InfluxDB version used: 1.8.0
Given a time series db that is used for storing e.g. temperatures from iot sensors (on different locations).
The sensors are queried e.g. every other minute.
Now the maximum temperature per sensor for the last hour can be queried using
select max(*) from temperatures where time >= now() - 1h group by location
name: temperatures
tags: location=collector
time max_temperature
---- ---------------
2020-06-24T17:41:34Z 34.8
name: temperatures
tags: location=outside
time max_temperature
---- ---------------
2020-06-24T17:43:34Z 23.4
I'm now would like to keep the max temperatures for every hour and for every day for a certain period of time.
So naturally I would use a retention policy and continuous queries.
Lets say I want to store the the maximum temperature by the hour for a month:
show RETENTION POLICIES on iotsensors
name duration shardGroupDuration replicaN default
---- -------- ------------------ -------- -------
lastmonth 744h0m0s 24h0m0s 1 false
The continuous query looks like this:
CREATE CONTINUOUS QUERY max_temperatures_per_hour ON iotsensors
BEGIN
SELECT max(temperature) INTO iotsensors.lastmonth.max_temperatures_per_hour FROM iotsensors.autogen.temperatures GROUP BY time(1h), location TZ('Europe/Berlin')
END
By the nature of the GROUP BY time(1h)
term, the exact time of the temperature is lost.

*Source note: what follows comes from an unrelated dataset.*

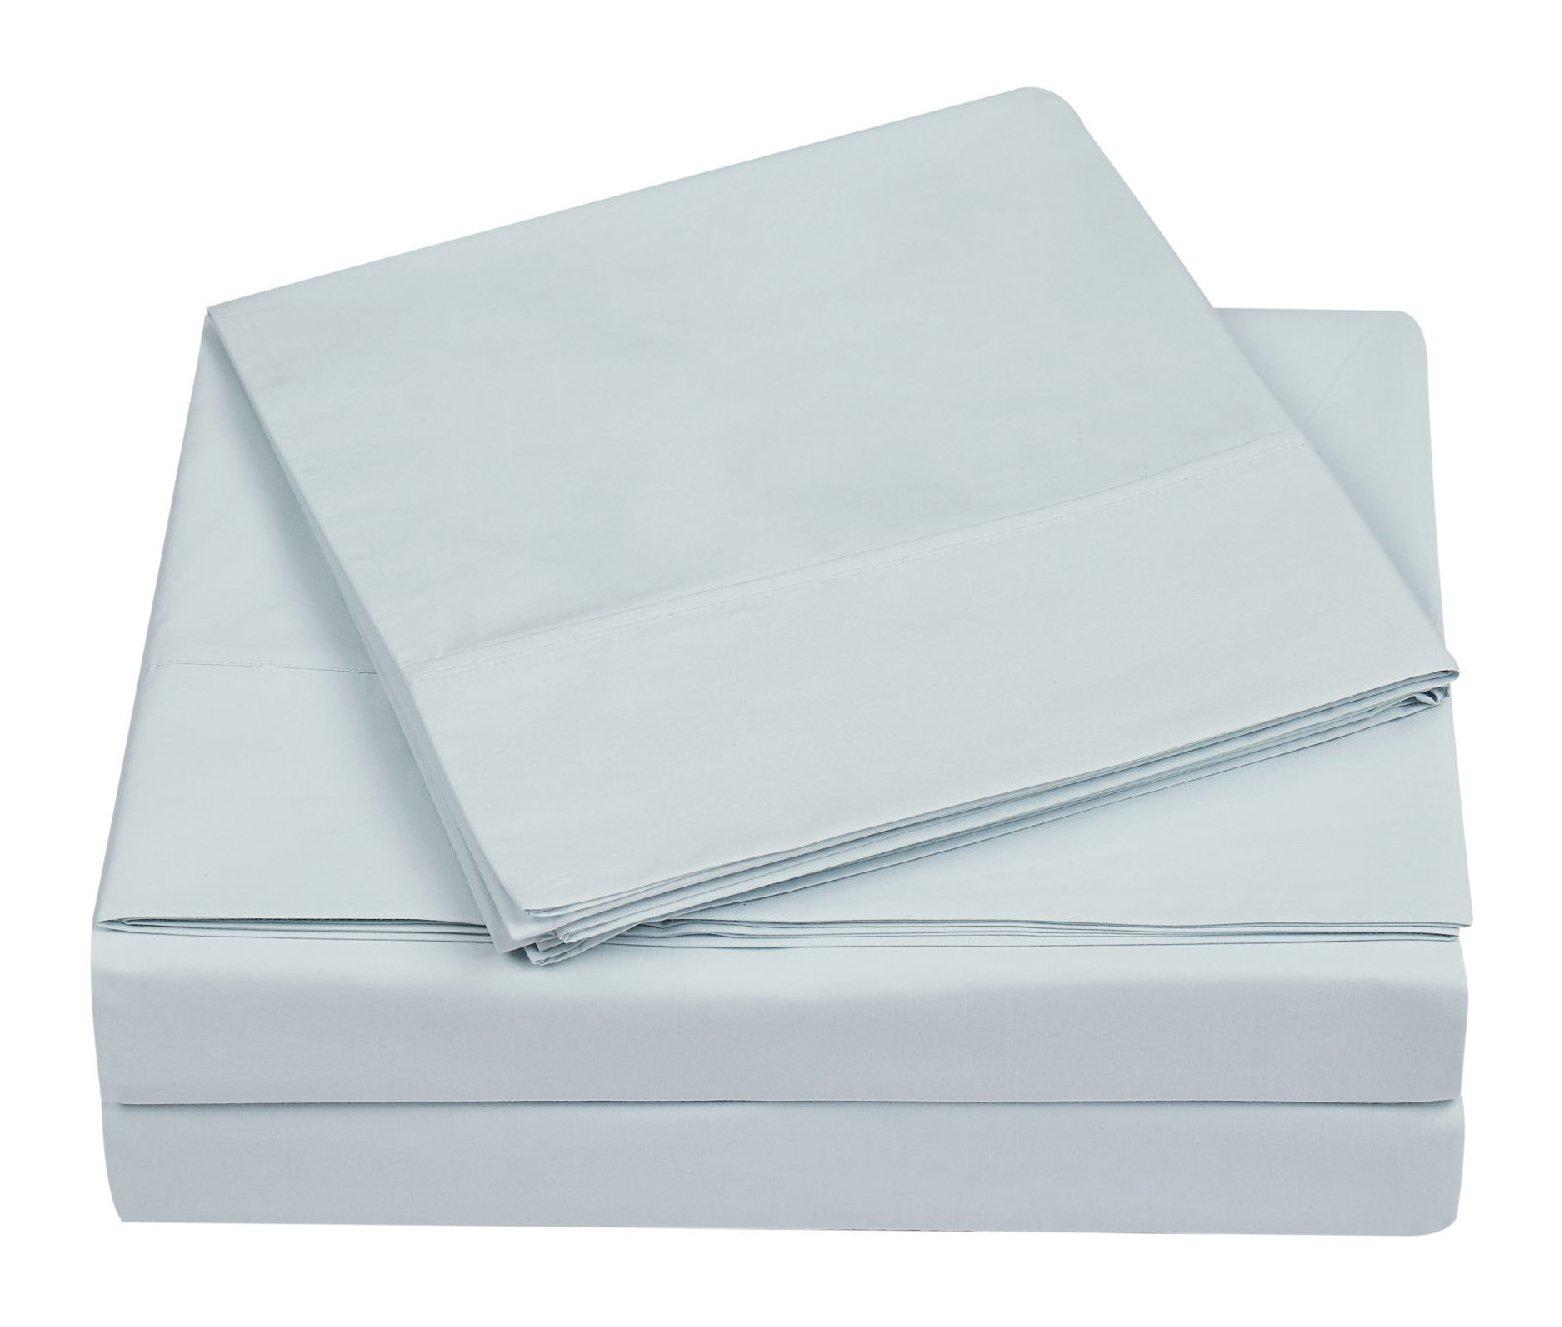 Charisma Home 400 Thread Count Percale King Pillow Case Set

Especially when the data is condensed for a whole day in the second step FROM iotsensors.lastmonth.max_temperatures_per_hour GROUP BY time(1d)
the resolution is getting even more coarse. (setting it to midnight of each day 00:00:00
)
select max from iotmeasurements.last2years.max_temperatures_per_day where time >= now() - 4d group by location tz('Europe/Berlin')
name: max_temperatures_per_day
tags: location=collector
time max
---- ---
2020-06-21T00:00:00+02:00 80.9
2020-06-22T00:00:00+02:00 78.5
2020-06-23T00:00:00+02:00 101.2
name: min_max_temperatures_per_day
tags: location=outside
time max
---- ---
2020-06-21T00:00:00+02:00 21.8
2020-06-22T00:00:00+02:00 22.5
2020-06-23T00:00:00+02:00 22.8
I do know that this the expected and documented behaviour
https://docs.influxdata.com/influxdb/v1.8/query_language/explore-data/#group-by-time-intervals
However, the information of when exactly the maximum value was recorded is a valuable information which I'd like to keep.
Is there any way to store the exact timestamp of the record when downsampling?
I'd prefer to keep the timestamp inside the time field like
tags: location=collector
time max
---- ---
2020-06-20T04:30:40Z 80.9
2020-06-21T04:22:00Z 78.5
2020-06-22T04:53:10Z 101.2
Alternatively but a second best solution would be to add a timestamp field for each downsampled record
time max timestamp
---- --- ---------
2020-06-20T00:00:00+02:00 80.9 2020-06-20T04:30:40Z
2020-06-21T00:00:00+02:00 78.5 2020-06-21T04:22:00Z
2020-06-22T00:00:00+02:00 101.2 2020-06-22T04:53:10Z
For this I needed to be able to query the time into a separate field, wouldn't I.
But my attempts weren't successful so far. Something I tried was this:
SELECT max(temperature),time as timestamp FROM temperatures GROUP BY time(60m),"location"
I'd consider to move to InfluxDB 2.0 if that was a prerequesit for a solution to my problem.